Captain Arthur Phillip (1786 portrait by Francis Wheatley, National Portrait Gallery, London)


In 1770, Captain James Cook began the daunting task of mapping the east coast of Australia. Up until that time, that section of Australia was unknown to the European world. In fact, during his travels, Captain Cook not only began mapping the area, but he claimed eastern Australia for King George III on August 22, 1779.

So with this beginning, the First Fleet was dispatched. It comprised of 11 ships and over 1,300 people. In January of 1788, Captain Arthur Phillip and his cargo of British prisoners, landed at Port Jackson, site of the what is now Sydney.

Until the U.S. War of Independence, England had sent their prisoners to America. American independence halted that and Britain decided to begin the practice of sending their prisoners to Australia. So, the 11 ships under the command of Captain Phillip had their hulls brimming with English convicts.

Since the new settlers had little knowledge of the land or climate and how to survive on it, they found themselves grossly unprepared for life there.
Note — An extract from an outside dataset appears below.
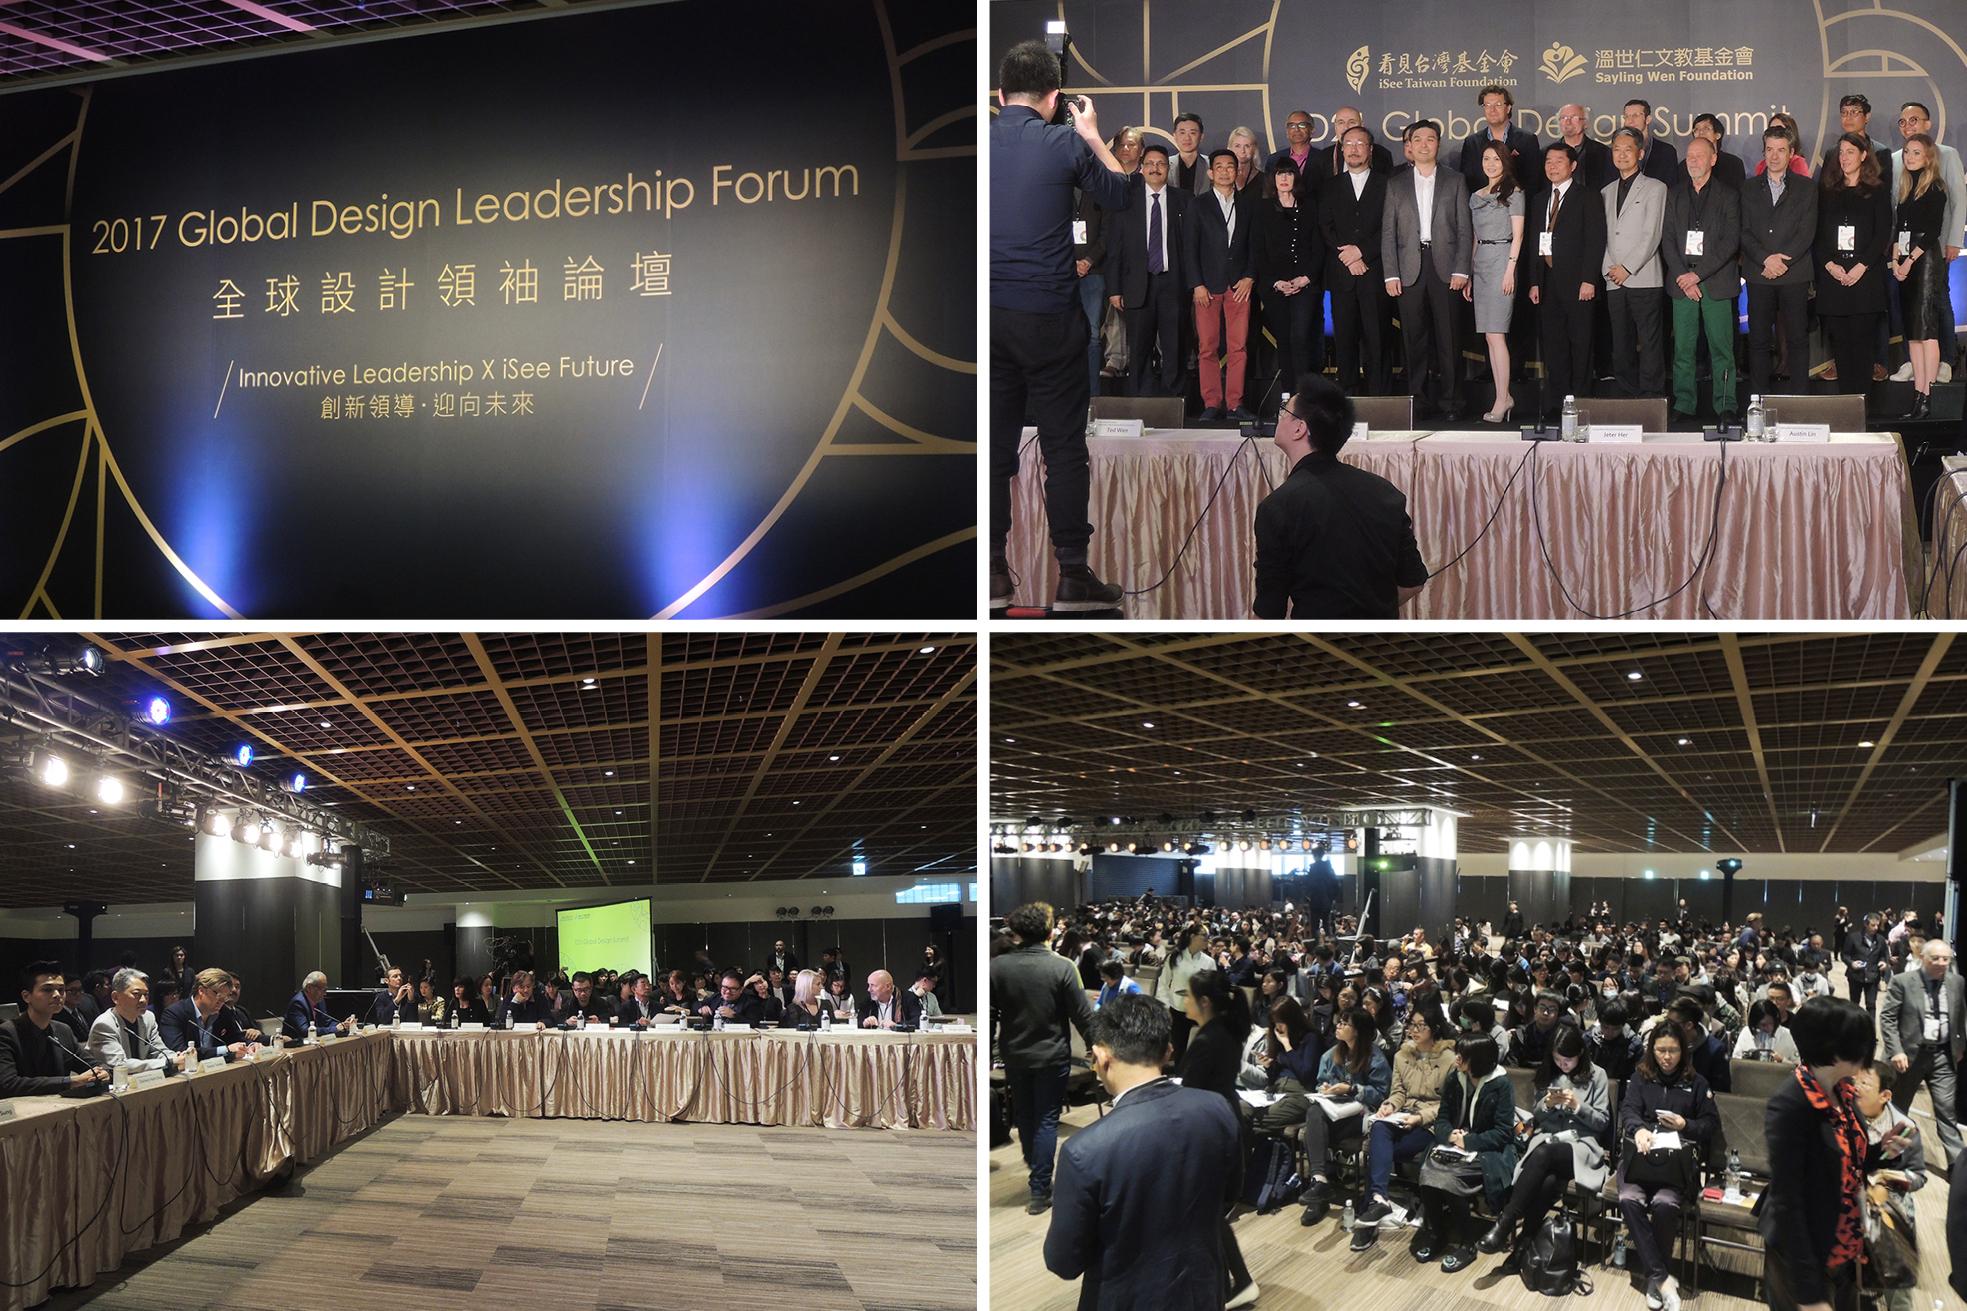 whwWeb_About_whw_Activities_TW_Global Design Leadership Forum.jpg

They knew nothing of the plant or animal life. Also, they had to contend with the hostile Aboriginal population.

As a result of an unknown and hostile environment, and due to poor soil conditions in the area, food shortages were severe. These early pioneers had to contend with near starvation issues and everyone eagerly awaited the arrival of the Second Fleet.

The Second Fleet arrived in 1790. Although it provided some badly needed food and supplies, the Second Fleet also brought with it problems of its own. The First Fleet had some 48 people who died on the voyage. This number rose to 278 on the voyage of the Second Fleet.

In fact, since sickness and disease were so prevalent on the Second Fleet, it became known as the "Death Fleet". The horrible conditions onboard the ships were largely due to the lack of safeguards which had been in place for transporting prisoners to America were absent on the long voyage to Australia.

Although the British government did have regulations for the transport of convicts, these regulations were mostly ignored. Prisoners were to be fed, given access to fresh air, cleaned and fumigated daily, but due to either ignorance or inefficiency on the part of the crew, the precautions were neglected.

Upon the ships return to England, an inquest into the treatment of the prisoners was held to determine who was to blame for the high rate of death on the voyage. Although charges were brought against the ships' masters and surgeons, only Donald Trial, master of the ship Neptune and his chief mate were ever tried. All of the other culprits disappeared before any arrest could be made.

In spite of these and other problems, however, the small settlement which was to become Sydney grew and prospered. Australia Day is celebrated on January 26 to commemorate the founding of what is now Australia.